‘Māori do well under National governments’ - PM as ‘carkoi’ rolls across the motu

Supporters of kaupapa Māori are taking to the countrys roads to voice their opposition to government plans they say undermines Māori

Prime Minister Christopher Luxon doesn’t anticipate today’s protest by Māori against his government’s policies will be a continuing feature of his term in office.

A nationwide ‘call to action’, supported by Te Pāti Māori, has seen hundreds of people take to their vehicles and disrupt traffic flows in many of the main centres, and some regional towns this morning, in a stand against what Te Pāti Māori president John Tamihere calls a coalition anchored on anti-Māori sentiment.

Luxon, however, said his government was focused on delivering outcomes that will benefit Māori and non-Māori New Zealanders.

“I’ve been trying to be really clear with New Zealanders, this country needs a turnaround. The one word we have to focus on is delivery, and actually getting things done for them.”

When asked by media what he made of protests being organised so soon into his Prime Ministership and if it would plague his time leading the government, he disagreed.

“We are here to get things done for the New Zealand people, whether they’re Māori or non-Māori.
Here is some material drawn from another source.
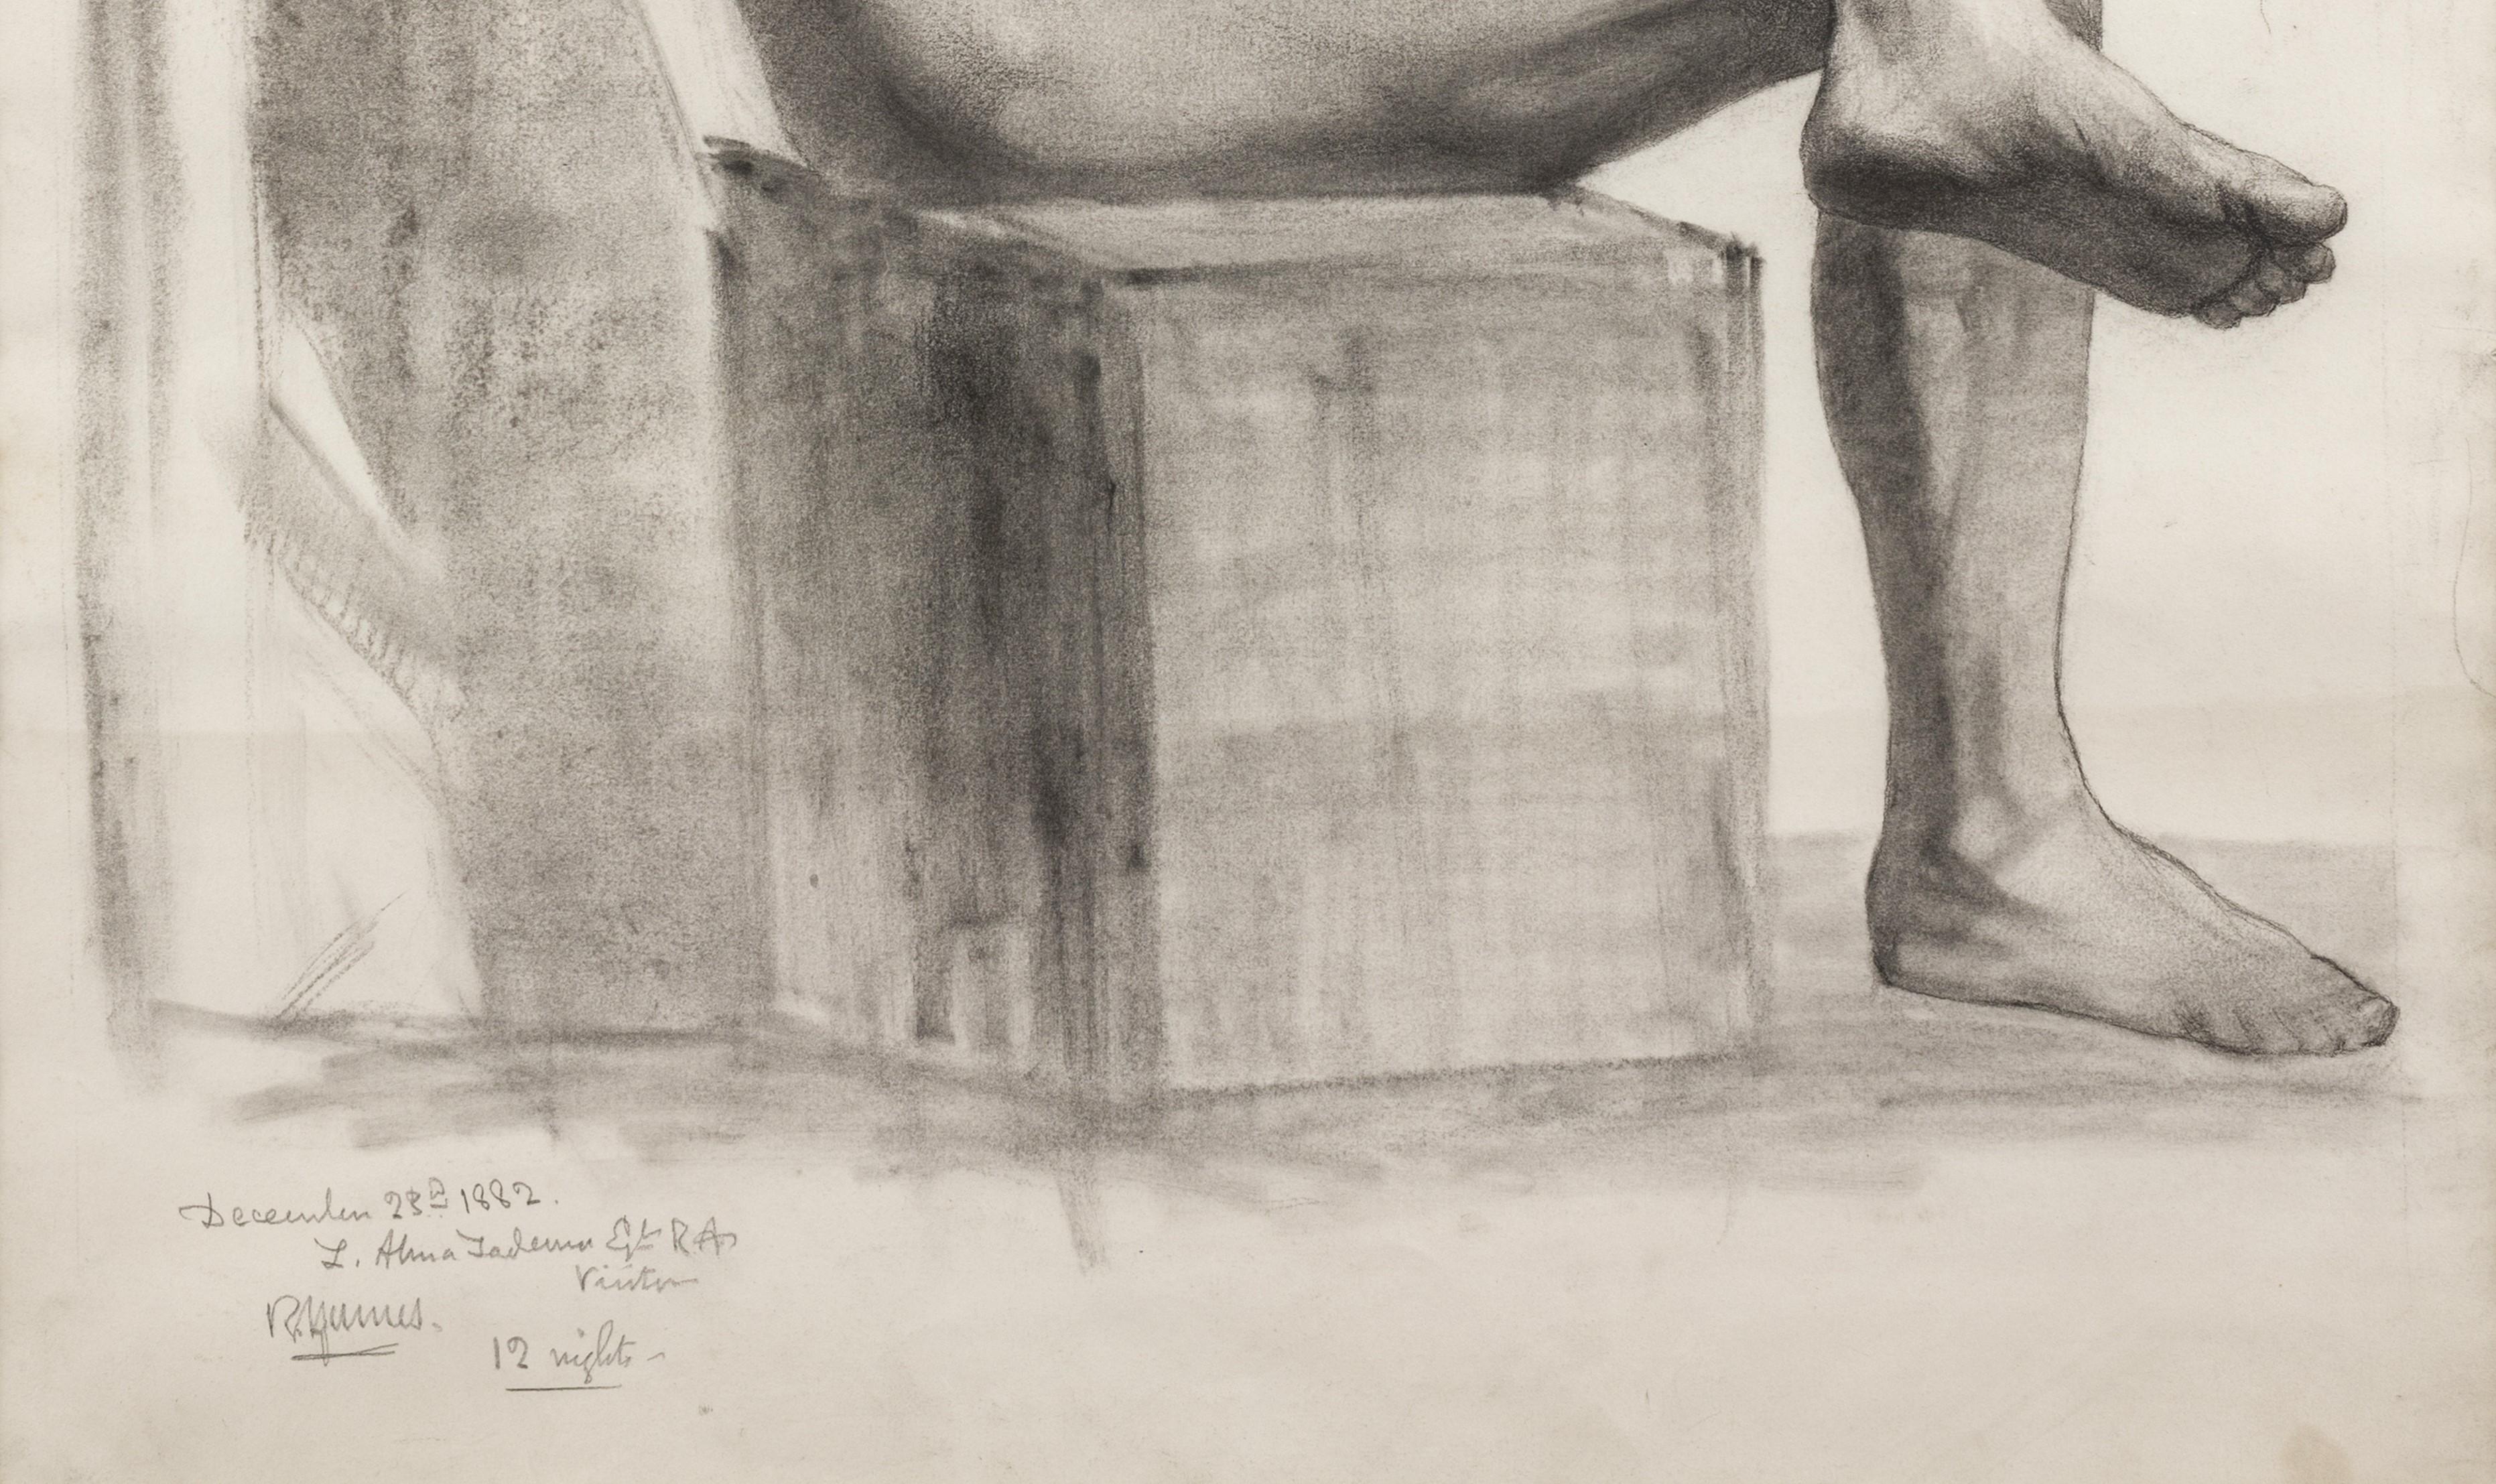 Kohle auf Papier, signiert vom Künstler (oben rechts) und RA Besucher L. Alma Tadema, RA. und datiert (unten links), 76cm x 57cm, (64cm x 88cm gerahmt). 

Olivier studierte ab 1881 an der Royal Academy School, an der diese außergewöhnliche

We want to see outcomes improve for everybody.

“What I want Māori and iwi across the country to understand is we are deeply committed to improving outcomes for Māori. Period. What I said to you before was I don’t think the last six years have been good for Māori. I think Māori have very well particularly under National-led governments in the past, and I they think they are going to continue to do so.”

Tamihere, speaking to on Monday, said the coalition between National, ACT and New Zealand First is one that was anchored on anti-Māori sentiment, evidenced by the policies all three parties agreed to first, which he said would set Māori back 35 years.

“We either lie down after 35 years of winning incremental, slow, painful change and then all of a sudden it gets turned over inside of three years by a minority-majority government.”

Protests under way

Police are advising commuters to allow additional time to reach their destinations this morning

Planned protests are now under way in locations across New Zealand., along with several other cities and towns.

In Auckland, the carkoi caused gridlock across the motorway network until the protest dispersed at about 8.40am.

No arrests were made.

Protesters at Parliament.

More than 1000 protesters gathered on the Aurora Terrace overbridge to signal to motorway traffic their protest and then began to march on Parliament.

An RNZ reporter at the scene, Tessa Guest, says the crowd has swelled to more than 600 people. They were singing waiata, whooping and waving signs as they reached Parliament.

Police blocked off some side streets.

A surprise hotbed of protest was Whangarei where 30 protestors had been expected and 600 turned up.

Meanwhile the protest has spread to Nelson this morning and a hikoi is planned to meet at Christchurch’s Bridge of Remembrance at 5.30pm.

Public servants backed to protest on their own time

Meanwhile the Public Service Association today told members it supports workers standing up against attempts to undermine the promotion of te Ao Maōri, te reo and Te Tiriti o Waitangi.

“The removal of Te Aka Whaiora and removal of te reo Māori in the public service are exampoles of actions designed to undermin e the legitimate aspirations of Maōri and honouring te Tiriti including the use of te reo Māori. These are repressive actions out of step with the bicultural heritage of New Zealand and the values of most of us,” it said in an email to members.

It emphasised that public servants had the same right of political expression outside the workplace as other people.

However, it pointed out that public servants taking part in protests should ensure they werren’t wearing logos, lanyards or uniforms associated with work and they should keep their social media away from their required neutral role as public servants.